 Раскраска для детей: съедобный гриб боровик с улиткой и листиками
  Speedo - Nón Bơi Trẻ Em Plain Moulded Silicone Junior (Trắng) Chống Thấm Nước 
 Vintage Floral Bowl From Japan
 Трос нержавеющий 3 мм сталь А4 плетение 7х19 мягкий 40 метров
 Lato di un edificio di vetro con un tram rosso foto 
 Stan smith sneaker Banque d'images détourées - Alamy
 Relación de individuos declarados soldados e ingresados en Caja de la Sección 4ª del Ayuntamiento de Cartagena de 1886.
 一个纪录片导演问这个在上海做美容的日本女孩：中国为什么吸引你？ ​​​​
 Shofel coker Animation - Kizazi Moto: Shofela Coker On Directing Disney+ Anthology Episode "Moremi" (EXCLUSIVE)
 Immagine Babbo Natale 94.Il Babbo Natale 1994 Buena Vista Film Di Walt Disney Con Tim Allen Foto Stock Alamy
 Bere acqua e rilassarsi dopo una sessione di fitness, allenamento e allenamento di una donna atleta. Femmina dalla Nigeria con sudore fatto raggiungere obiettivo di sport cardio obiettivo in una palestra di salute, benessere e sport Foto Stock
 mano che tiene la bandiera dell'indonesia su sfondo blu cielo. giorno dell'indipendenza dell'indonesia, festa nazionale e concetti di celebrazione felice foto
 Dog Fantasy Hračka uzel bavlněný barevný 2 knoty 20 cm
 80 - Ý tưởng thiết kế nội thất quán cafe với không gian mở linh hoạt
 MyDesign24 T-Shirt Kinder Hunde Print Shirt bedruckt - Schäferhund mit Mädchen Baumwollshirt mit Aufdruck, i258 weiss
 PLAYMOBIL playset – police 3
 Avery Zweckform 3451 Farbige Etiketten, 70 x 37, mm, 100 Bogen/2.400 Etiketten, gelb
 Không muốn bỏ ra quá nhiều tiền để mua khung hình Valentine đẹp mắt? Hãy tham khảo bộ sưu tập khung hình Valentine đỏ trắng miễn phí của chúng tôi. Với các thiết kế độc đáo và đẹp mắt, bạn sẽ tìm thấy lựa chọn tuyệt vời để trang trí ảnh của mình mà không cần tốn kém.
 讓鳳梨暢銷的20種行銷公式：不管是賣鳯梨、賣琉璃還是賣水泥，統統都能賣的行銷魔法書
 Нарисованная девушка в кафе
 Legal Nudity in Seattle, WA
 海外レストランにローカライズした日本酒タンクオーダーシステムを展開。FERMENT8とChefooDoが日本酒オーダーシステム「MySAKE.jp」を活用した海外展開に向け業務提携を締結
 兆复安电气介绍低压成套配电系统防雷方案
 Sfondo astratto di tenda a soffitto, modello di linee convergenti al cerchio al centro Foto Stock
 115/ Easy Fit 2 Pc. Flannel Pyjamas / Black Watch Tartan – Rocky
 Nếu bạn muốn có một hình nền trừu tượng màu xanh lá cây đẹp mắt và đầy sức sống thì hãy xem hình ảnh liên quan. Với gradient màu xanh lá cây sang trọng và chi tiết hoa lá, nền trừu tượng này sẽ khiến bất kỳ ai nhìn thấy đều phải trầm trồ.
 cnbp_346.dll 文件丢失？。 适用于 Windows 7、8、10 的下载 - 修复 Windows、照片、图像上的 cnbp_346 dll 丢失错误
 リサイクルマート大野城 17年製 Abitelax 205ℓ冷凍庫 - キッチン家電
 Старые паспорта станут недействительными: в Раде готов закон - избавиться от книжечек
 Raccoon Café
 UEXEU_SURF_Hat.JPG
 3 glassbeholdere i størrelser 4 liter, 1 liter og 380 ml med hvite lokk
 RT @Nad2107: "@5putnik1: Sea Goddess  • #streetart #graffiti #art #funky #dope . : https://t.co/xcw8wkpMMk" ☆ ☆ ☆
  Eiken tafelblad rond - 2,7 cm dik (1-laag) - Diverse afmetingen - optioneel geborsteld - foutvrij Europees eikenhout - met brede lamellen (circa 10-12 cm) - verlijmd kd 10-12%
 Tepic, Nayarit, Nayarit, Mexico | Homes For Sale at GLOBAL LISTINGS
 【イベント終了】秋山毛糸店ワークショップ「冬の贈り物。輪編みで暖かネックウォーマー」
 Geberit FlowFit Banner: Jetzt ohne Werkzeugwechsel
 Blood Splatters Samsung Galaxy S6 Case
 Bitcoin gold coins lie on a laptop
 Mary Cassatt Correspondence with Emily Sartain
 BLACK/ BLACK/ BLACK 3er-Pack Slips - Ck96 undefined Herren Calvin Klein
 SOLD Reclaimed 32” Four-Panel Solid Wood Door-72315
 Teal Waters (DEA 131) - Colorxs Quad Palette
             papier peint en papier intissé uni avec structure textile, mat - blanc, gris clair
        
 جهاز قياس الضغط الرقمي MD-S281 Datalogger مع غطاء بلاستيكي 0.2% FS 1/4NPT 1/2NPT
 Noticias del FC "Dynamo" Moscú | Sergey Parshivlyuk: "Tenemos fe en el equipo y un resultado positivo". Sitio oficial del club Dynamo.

◆ **WHAT YOU WILL DO**
The full set of entries should be copied out exactly as given.

◆ **REPLY TO THE TASK**
 Раскраска для детей: съедобный гриб боровик с улиткой и листиками
  Speedo - Nón Bơi Trẻ Em Plain Moulded Silicone Junior (Trắng) Chống Thấm Nước 
 Vintage Floral Bowl From Japan
 Трос нержавеющий 3 мм сталь А4 плетение 7х19 мягкий 40 метров
 Lato di un edificio di vetro con un tram rosso foto 
 Stan smith sneaker Banque d'images détourées - Alamy
 Relación de individuos declarados soldados e ingresados en Caja de la Sección 4ª del Ayuntamiento de Cartagena de 1886.
 一个纪录片导演问这个在上海做美容的日本女孩：中国为什么吸引你？ ​​​​
 Shofel coker Animation - Kizazi Moto: Shofela Coker On Directing Disney+ Anthology Episode "Moremi" (EXCLUSIVE)
 Immagine Babbo Natale 94.Il Babbo Natale 1994 Buena Vista Film Di Walt Disney Con Tim Allen Foto Stock Alamy
 Bere acqua e rilassarsi dopo una sessione di fitness, allenamento e allenamento di una donna atleta. Femmina dalla Nigeria con sudore fatto raggiungere obiettivo di sport cardio obiettivo in una palestra di salute, benessere e sport Foto Stock
 mano che tiene la bandiera dell'indonesia su sfondo blu cielo. giorno dell'indipendenza dell'indonesia, festa nazionale e concetti di celebrazione felice foto
 Dog Fantasy Hračka uzel bavlněný barevný 2 knoty 20 cm
 80 - Ý tưởng thiết kế nội thất quán cafe với không gian mở linh hoạt
 MyDesign24 T-Shirt Kinder Hunde Print Shirt bedruckt - Schäferhund mit Mädchen Baumwollshirt mit Aufdruck, i258 weiss
 PLAYMOBIL playset – police 3
 Avery Zweckform 3451 Farbige Etiketten, 70 x 37, mm, 100 Bogen/2.400 Etiketten, gelb
 Không muốn bỏ ra quá nhiều tiền để mua khung hình Valentine đẹp mắt? Hãy tham khảo bộ sưu tập khung hình Valentine đỏ trắng miễn phí của chúng tôi. Với các thiết kế độc đáo và đẹp mắt, bạn sẽ tìm thấy lựa chọn tuyệt vời để trang trí ảnh của mình mà không cần tốn kém.
 讓鳳梨暢銷的20種行銷公式：不管是賣鳯梨、賣琉璃還是賣水泥，統統都能賣的行銷魔法書
 Нарисованная девушка в кафе
 Legal Nudity in Seattle, WA
 海外レストランにローカライズした日本酒タンクオーダーシステムを展開。FERMENT8とChefooDoが日本酒オーダーシステム「MySAKE.jp」を活用した海外展開に向け業務提携を締結
 兆复安电气介绍低压成套配电系统防雷方案
 Sfondo astratto di tenda a soffitto, modello di linee convergenti al cerchio al centro Foto Stock
 115/ Easy Fit 2 Pc. Flannel Pyjamas / Black Watch Tartan – Rocky
 Nếu bạn muốn có một hình nền trừu tượng màu xanh lá cây đẹp mắt và đầy sức sống thì hãy xem hình ảnh liên quan. Với gradient màu xanh lá cây sang trọng và chi tiết hoa lá, nền trừu tượng này sẽ khiến bất kỳ ai nhìn thấy đều phải trầm trồ.
 cnbp_346.dll 文件丢失？。 适用于 Windows 7、8、10 的下载 - 修复 Windows、照片、图像上的 cnbp_346 dll 丢失错误
 リサイクルマート大野城 17年製 Abitelax 205ℓ冷凍庫 - キッチン家電
 Старые паспорта станут недействительными: в Раде готов закон - избавиться от книжечек
 Raccoon Café
 UEXEU_SURF_Hat.JPG
 3 glassbeholdere i størrelser 4 liter, 1 liter og 380 ml med hvite lokk
 RT @Nad2107: "@5putnik1: Sea Goddess  • #streetart #graffiti #art #funky #dope . : https://t.co/xcw8wkpMMk" ☆ ☆ ☆
  Eiken tafelblad rond - 2,7 cm dik (1-laag) - Diverse afmetingen - optioneel geborsteld - foutvrij Europees eikenhout - met brede lamellen (circa 10-12 cm) - verlijmd kd 10-12%
 Tepic, Nayarit, Nayarit, Mexico | Homes For Sale at GLOBAL LISTINGS
 【イベント終了】秋山毛糸店ワークショップ「冬の贈り物。輪編みで暖かネックウォーマー」
 Geberit FlowFit Banner: Jetzt ohne Werkzeugwechsel
 Blood Splatters Samsung Galaxy S6 Case
 Bitcoin gold coins lie on a laptop
 Mary Cassatt Correspondence with Emily Sartain
 BLACK/ BLACK/ BLACK 3er-Pack Slips - Ck96 undefined Herren Calvin Klein
 SOLD Reclaimed 32” Four-Panel Solid Wood Door-72315
 Teal Waters (DEA 131) - Colorxs Quad Palette
             papier peint en papier intissé uni avec structure textile, mat - blanc, gris clair
        
 جهاز قياس الضغط الرقمي MD-S281 Datalogger مع غطاء بلاستيكي 0.2% FS 1/4NPT 1/2NPT
 Noticias del FC "Dynamo" Moscú | Sergey Parshivlyuk: "Tenemos fe en el equipo y un resultado positivo". Sitio oficial del club Dynamo.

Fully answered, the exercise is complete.